The consequence of all this is that a strategic attack directed against only a moderate object involves a greater necessity for steps to defend other points which it does not directly cover than one which is directed against the centre of the enemy’s force; consequently, in such an attack the concentration of forces in time and space cannot be carried out to the same extent. In order that it may take place, at least as regards time, it becomes necessary for the advance to be made offensively from every point possible, and at the same moment exactly: and therefore this attack loses the other advantage of being able to make shift with a much smaller force by acting on the defensive at particular points. In this way the effect of aiming at a minor object is to bring all things more to a level: the whole act of the war cannot now be concentrated into one principal affair which can be governed according to leading points of view; it is more dispersed; the friction becomes greater everywhere, and there is everywhere more room for chance.
This is the natural tendency of the thing. The commanders weighed down by it, finds himself more and more neutralised. The more he is conscious of his own powers, the greater his resources subjectively, and his power objectively, so much the more he will seek to liberate himself from this tendency in order to give to some one point a preponderating importance, even if that should only be possible by running greater risks.
CHAPTER VIII.
Limited Object—Defence
The ultimate aim of defensive war can never be an absolute negation, as we have before observed. Even for the weakest there must be some point in which the enemy may be made to feel, and which may be threatened.
Certainly we may say that this object is the exhaustion of the adversary, for as he has a positive object, every one of his blows which fails, if it has no other result than the loss of the force applied, still may be considered a retrograde step in reality, whilst the loss which the defensive suffers is not in vain, because his object was keeping possession, and that he has effected. This would be tantamount to saying that the defensive has his positive object in merely keeping possession. Such reasoning might be good if it was certain that the assailant after a certain number of fruitless attempts must be worn out, and desist from further efforts. But just this necessary consequence is wanting. If we look at the exhaustion of forces, the defender is under a disadvantage. The assailant becomes weaker, but only in the sense that it may reach a turning point; if we set aside that supposition, the weakening goes on certainly more rapidly on the defensive side than on that of the assailant: for in the first place, he is the weaker, and, therefore, if the losses on both sides are equal, he loses more actually than the other; in the next place, he is deprived generally of a portion of territory and of his resources. We have, therefore, here no ground on which to build the expectation that the offensive will cease, and nothing remains but the idea that if the assailant repeats his blows, while the defensive does nothing but wait to ward them off, then the defender has no counterpoise as a set off to the risk he runs of one of these attacks succeeding sooner or later.

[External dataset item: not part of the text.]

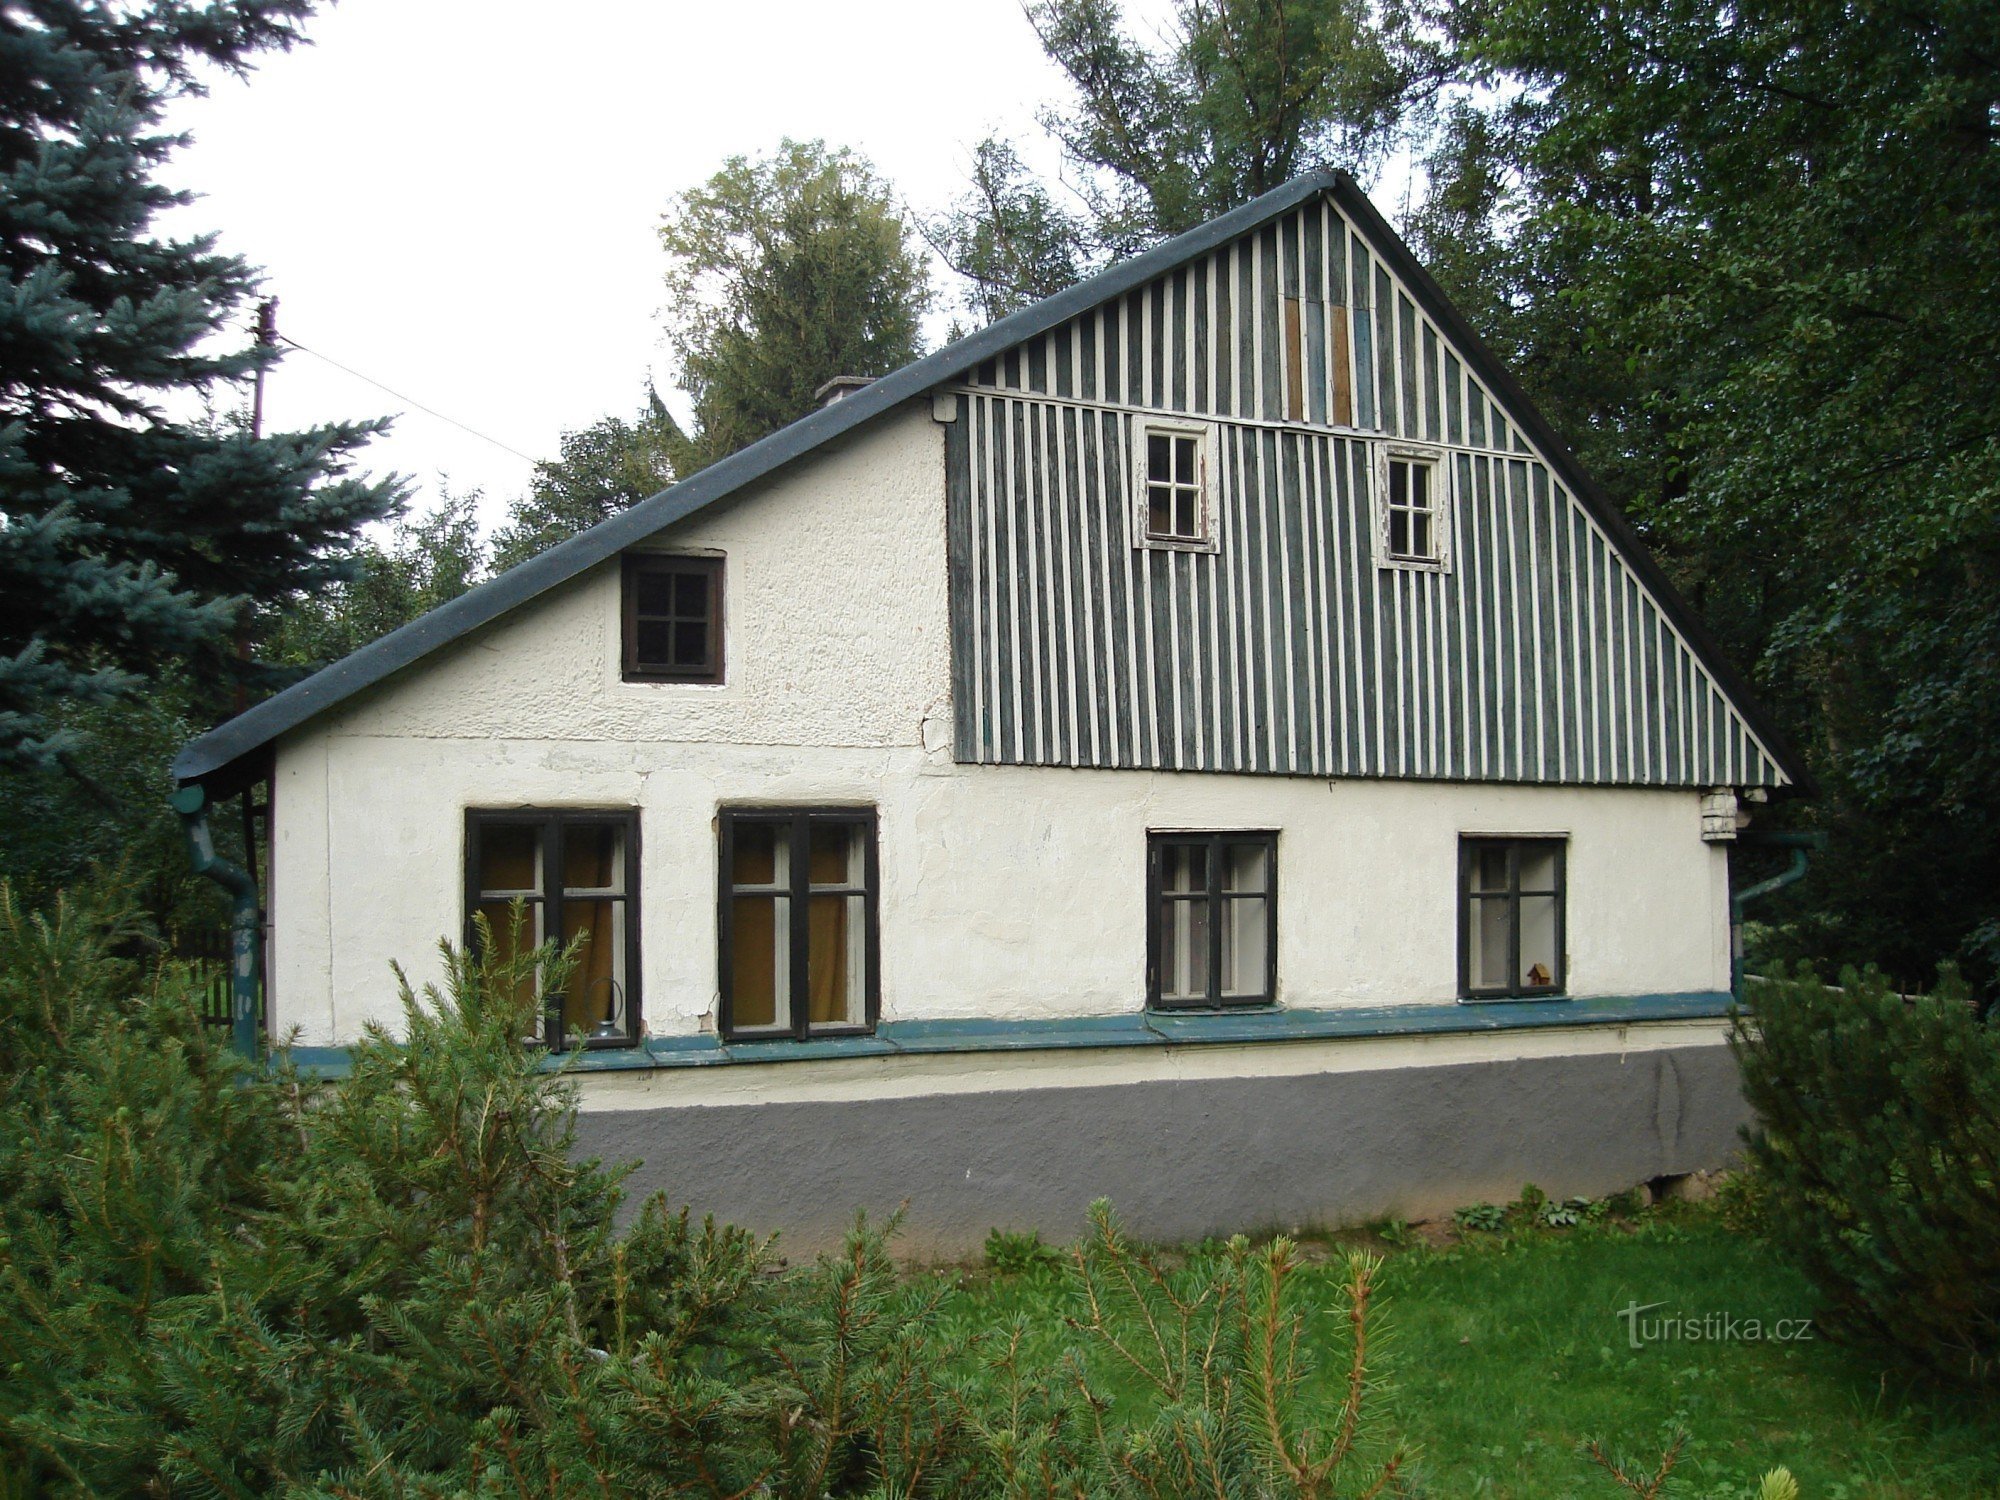 The house where Bohumil Hanč lived

Although in reality the exhaustion, or rather the weakening of the stronger, has brought about a peace in many instances that is to be attributed to the indecision which is so general in war, but cannot be imagined philosophically as the general and ultimate object of any defensive war whatever, there is, therefore, no alternative but that the defence should find its object in the idea of the “waiting for,” which is besides its real character. This idea in itself includes that of an alteration of circumstances, of an improvement of the situation, which, therefore, when it cannot be brought about by internal means, that is, by defensive pure in itself, can only be expected through assistance coming from without. Now, this improvement from without can proceed from nothing else than a change in political relations; either new alliances spring up in favour of the defender, or old ones directed against him fall to pieces.
Here, then, is the object for the defender, in case his weakness does not permit him to think of any important counterstroke. But this is not the nature of every defensive war, according to the conception which we have given of its form. According to that conception it is the stronger form of war, and on account of that strength it can also be applied when a counterstroke more or less important is designed.
These two cases must be kept distinct from the very first, as they have an influence on the defence.
In the first case, the defender’s object is to keep possession of his own country intact as long as possible, because in that way he gains most time; and gaining time is the only way to attain his object. The positive object which he can in most cases attain, and which will give him an opportunity of carrying out his object in the negotiations for peace, he cannot yet include in his plan for the war. In this state of strategic passiveness, the advantages which the defender can gain at certain points consist in merely repelling partial attacks; the preponderance gained at those points he tries to make of service to him at others, for he is generally hard pressed at all points. If he has not the opportunity of doing this, then there often only accrues to him the small advantage that the enemy will leave him at rest for a time.
If the defender is not altogether too weak, small offensive operations directed less towards permanent possession than a temporary advantage to cover losses, which may be sustained afterwards, invasions, diversions, or enterprises against a single fortress, may have a place in this defensive system without altering its object or essence.